Tanis had dismounted and was on his way to the dwelling. "The owner may sell us some bread," he called back. Kitiara's empty stomach growled an affirmative.
Kitiara remained mounted on Obsidian while Tanis hopped onto the porch of the brown house, knocked at the doorjamb, waited a moment, then entered despite the lack of a hail from within. The town had no stable, no public house where a traveler could lift a tankard of ale, but it wasn't that different from dozens of other villages where Kitiara had stopped over the years. Someone in such towns usually was willing to provide refreshment to strangers for the right price.
Yet this community appeared deserted. Doors and shutters had been closed fast. "Anybody home?" Kitiara called.

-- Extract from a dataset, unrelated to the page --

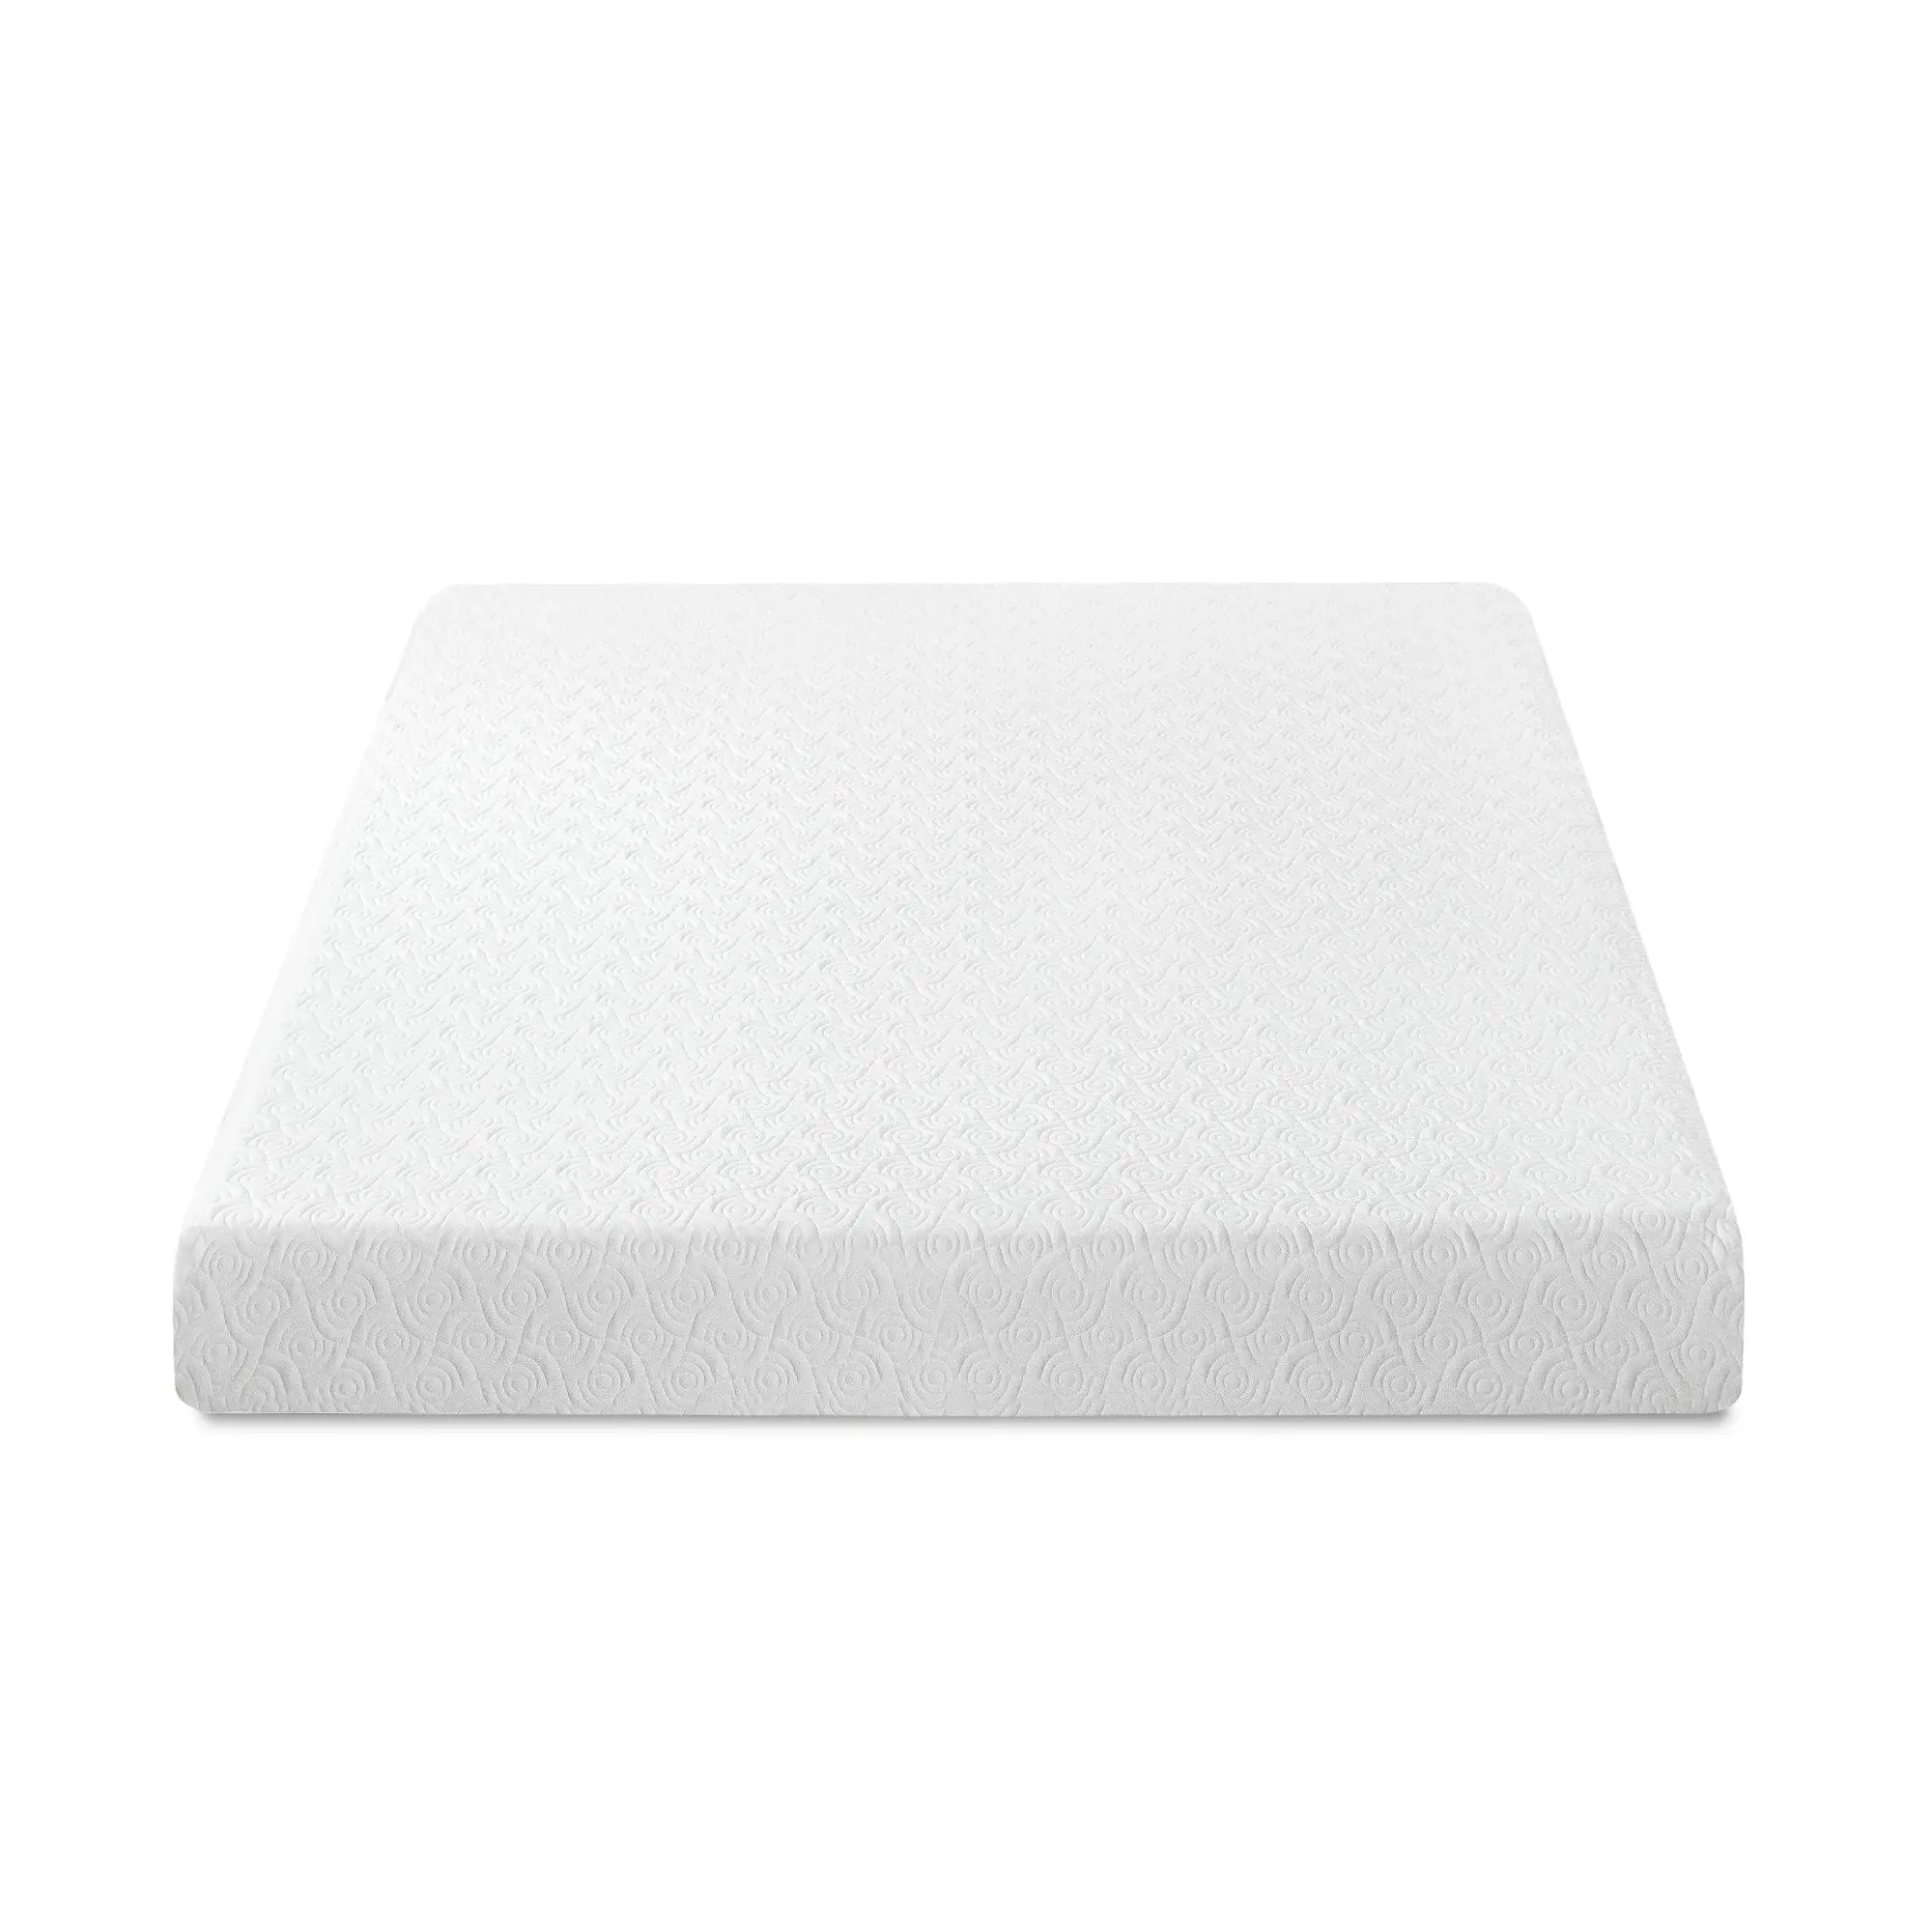 Mattress 7 inch memory foam bed mattress 18 CM hot sell gel memory foam cooling feel mattress for hotel use home use

She waited. Obsidian, accustomed to the siege as well as the charge, stood quietly, her only sign of life the switching of her black tail. The place was rife with flies.
Finally a plank creaked. "Why are you in Meddow?" came a woman's strident call from behind a cracked door. "What is your friend doing in Jarlburg's confectionery? We have many men here, all armed with swords and maces. We can defend ourselves. Go away."
Kitiara hid a smile. Defend themselves indeed! They were as frightened as rabbits. She removed her helmet. "We are travelers bound for Haven. We desire food and drink, nothing more. And"—she paused significantly—"I can pay."
Another pause, then a middle-aged woman dressed in the gathered skirt, scarf, and leather slippers of a peasant stepped hesitantly onto the porch of the shack next to the brown building. Her chapped hands held a large wooden crochet hook attached by a strand of green yarn to what looked to be the back portion of a child's sweater. Her hands never stopped moving, looping the handspun yarn; the hook's end bobbed like a chickadee. Kitiara traced the yarn to a bulging pocket in the front of the peasant's skirt. Every few stitches, the woman gave a yank on the yarn, which made the pocket jump and released a few more circles of yarn from a ball in the pocket.
"I can give you water, but I have no food to spare," the woman said edgily. She kept flicking her gaze from Kitiara to the floor of the porch.
"No bread?" Kitiara demanded. "But I can smell the yeast."
"We get. . . got.. ." The woman took a deep breath and started again. "Jarlburg . . ." Her courage fled; she pressed the crochet hook against her quivering lips, then pointed with the implement to the open front door of the brown building. "There." Her eyes filled with tears. "Jarlburg's dead, too. I just know it. One by one, we're all dying."
"Dead, too?" Kitiara repeated and pulled Obsidian back a pace. "What is it—a plague?" Her skin crawled. Kitiara would gladly take on any living foe, but a plague? No one on Krynn knew what caused disease, although some people said that clerics and healers who had followed the old gods, years ago before the Cataclysm, could cure such illnesses. These days, seekers of the new religions said the sick invited their own fate by straying from moral purity.
The woman shook her head. "No, no plague. People just . . . disappear. I think they go into the swamp." She pointed to the east with a thin hand that, all at once, could barely hold the crochet hook.